▶ Requirement: Return all of the data verbatim, dropping any picture.

▶ Stored data:
□ □ □ □ □ □ □

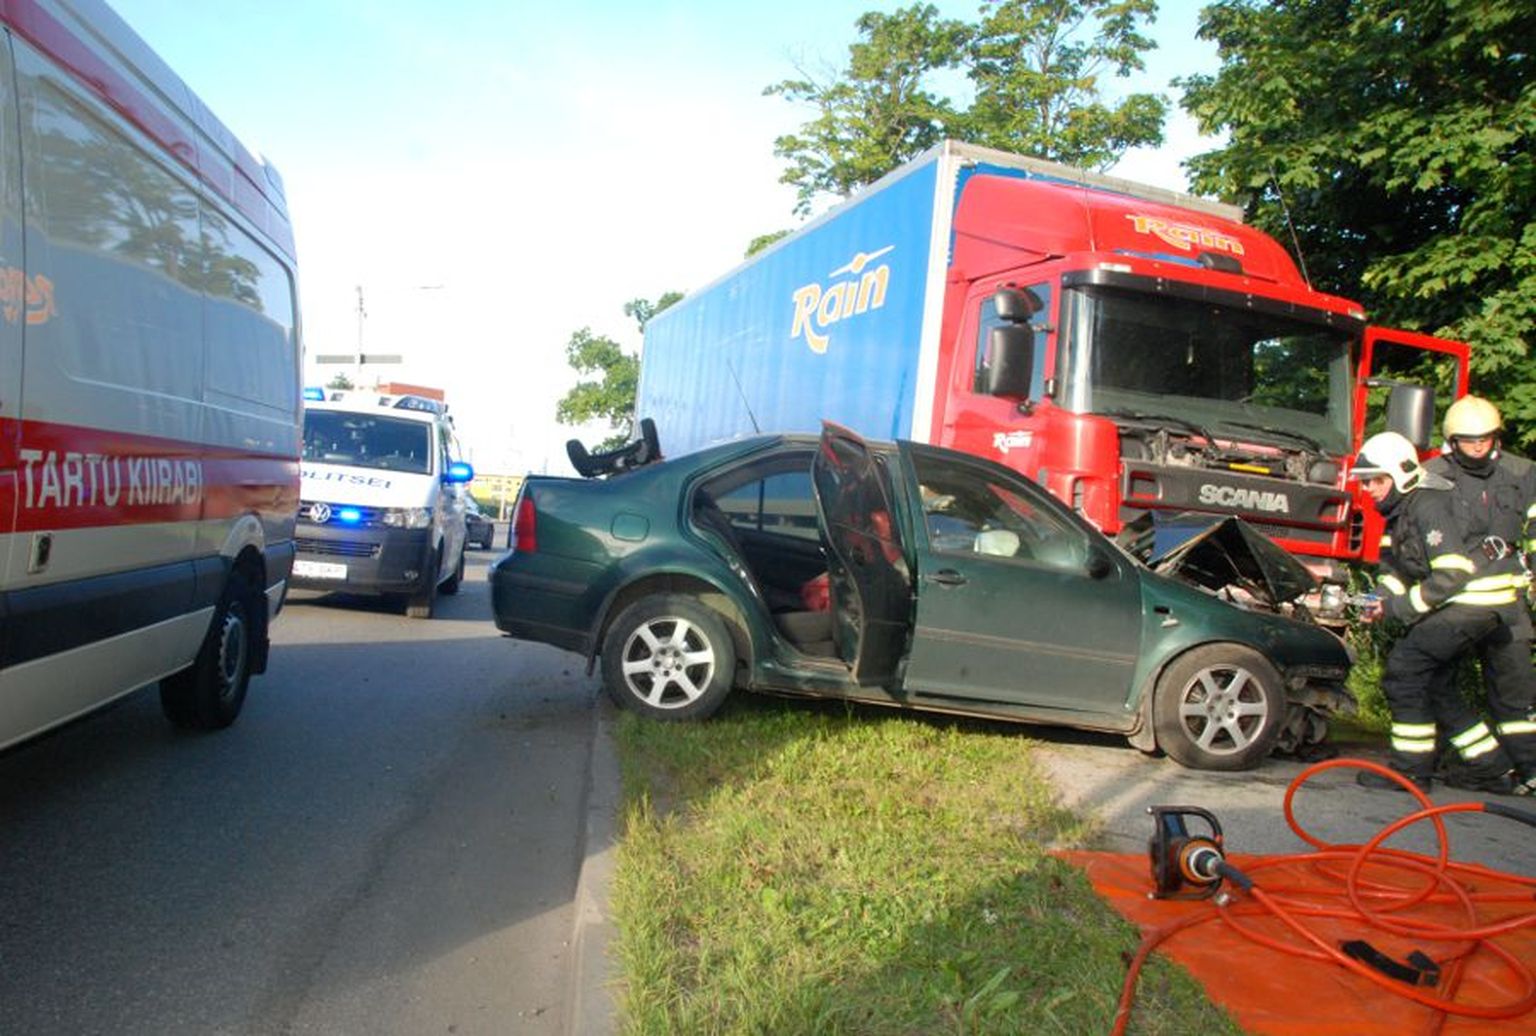 Täna hommikul juhtus Tartu linnas liiklusõnnetus, kus veo- ja sõiduauto kokkupõrkes hukkus autot juhtinud 41-aastane naine.
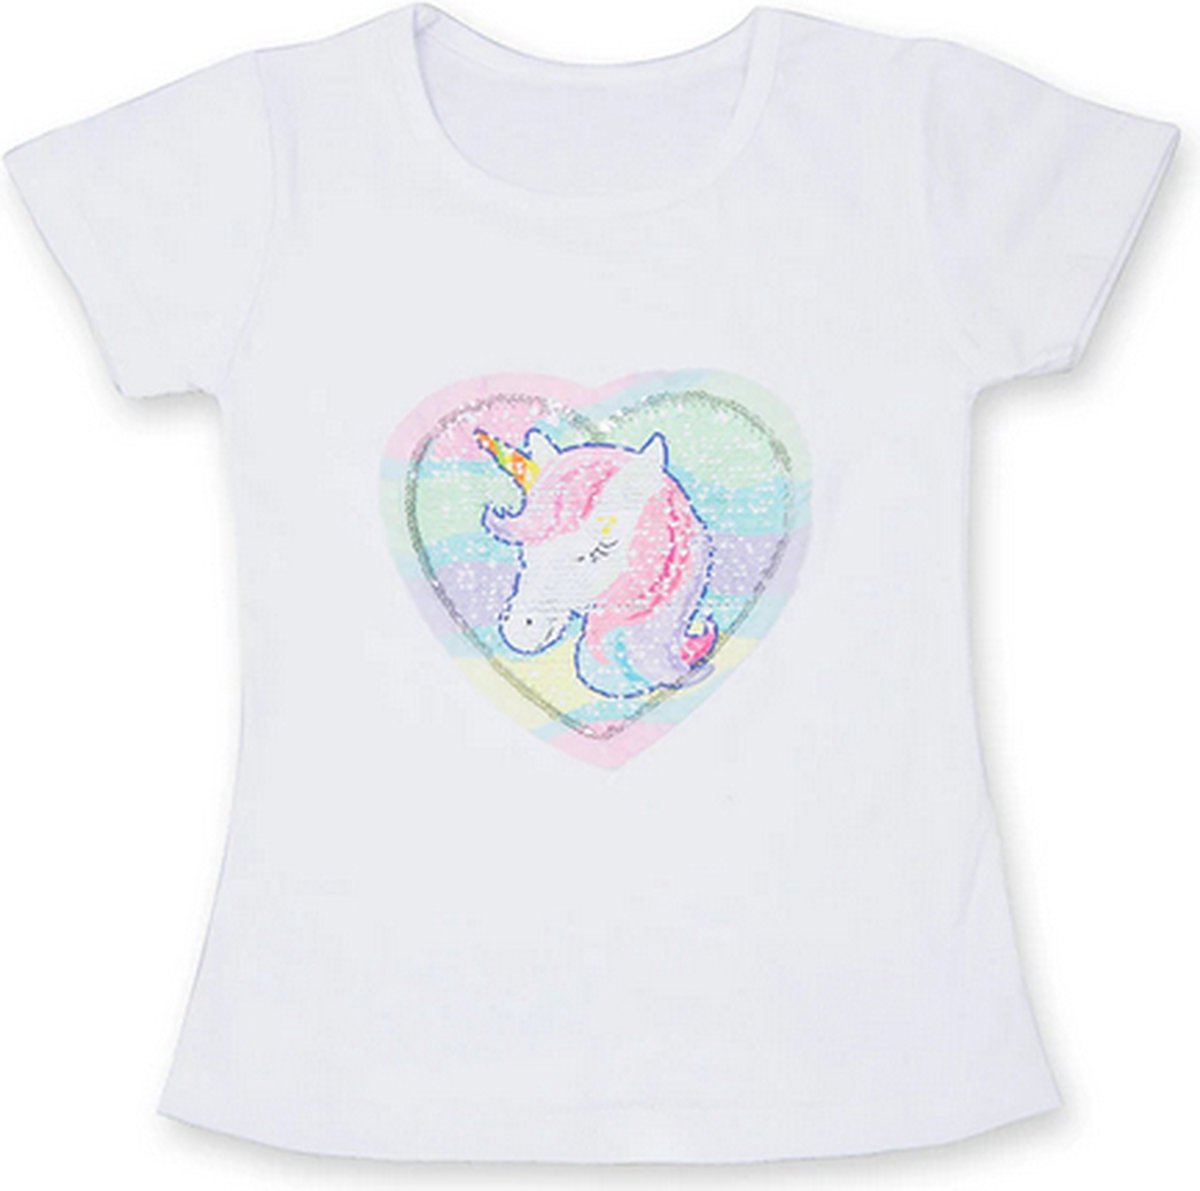 Eenhoorn tshirt meisje - pailletten eenhoorn shirt - Unicorn T-shirt pailletten - maat 122/128 / XL - meisjes eenhoorn shirt 6 - 7 jaar
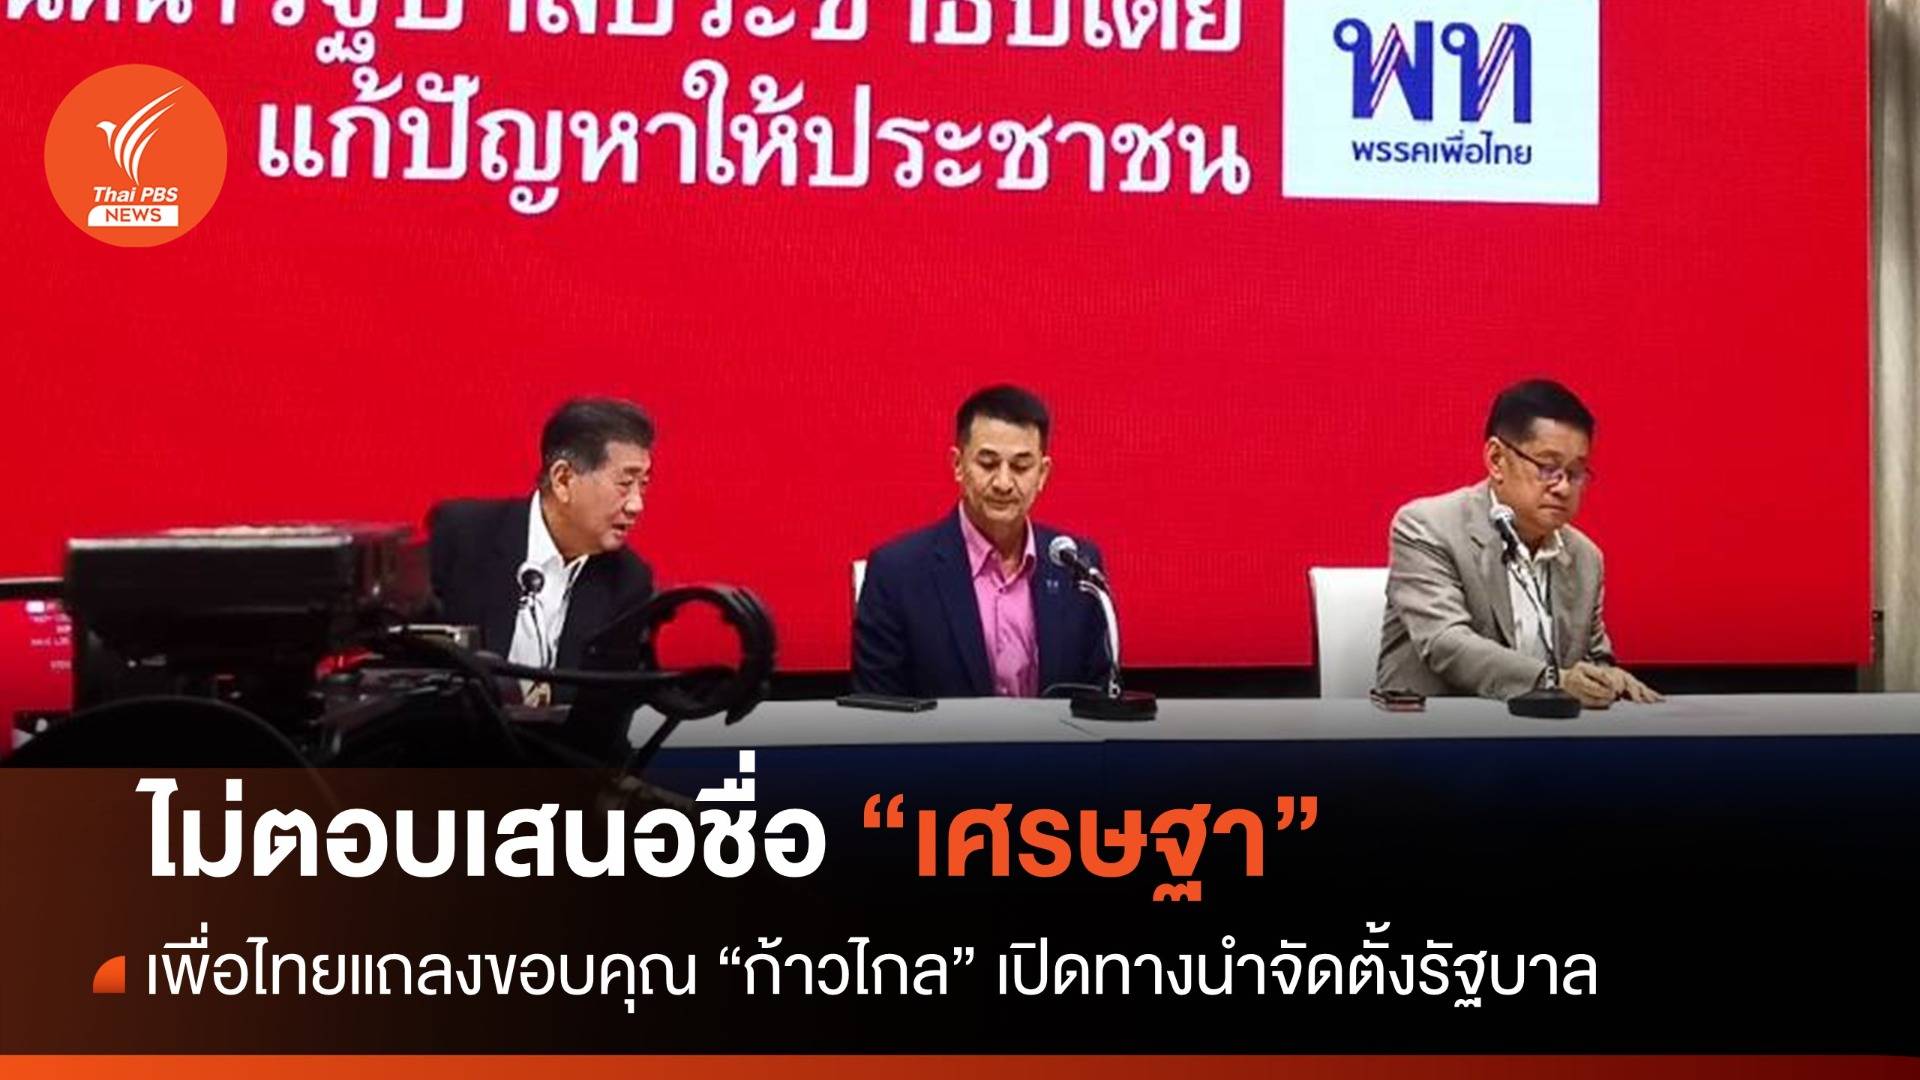 เพื่อไทยขอบคุณก้าวไกลเปิดทางนำตั้งรัฐบาล ไม่ตอบชง "เศรษฐา"

□ □ □ □ □ □ □

▶ Task output:
 Täna hommikul juhtus Tartu linnas liiklusõnnetus, kus veo- ja sõiduauto kokkupõrkes hukkus autot juhtinud 41-aastane naine.
 Eenhoorn tshirt meisje - pailletten eenhoorn shirt - Unicorn T-shirt pailletten - maat 122/128 / XL - meisjes eenhoorn shirt 6 - 7 jaar
 เพื่อไทยขอบคุณก้าวไกลเปิดทางนำตั้งรัฐบาล ไม่ตอบชง "เศรษฐา"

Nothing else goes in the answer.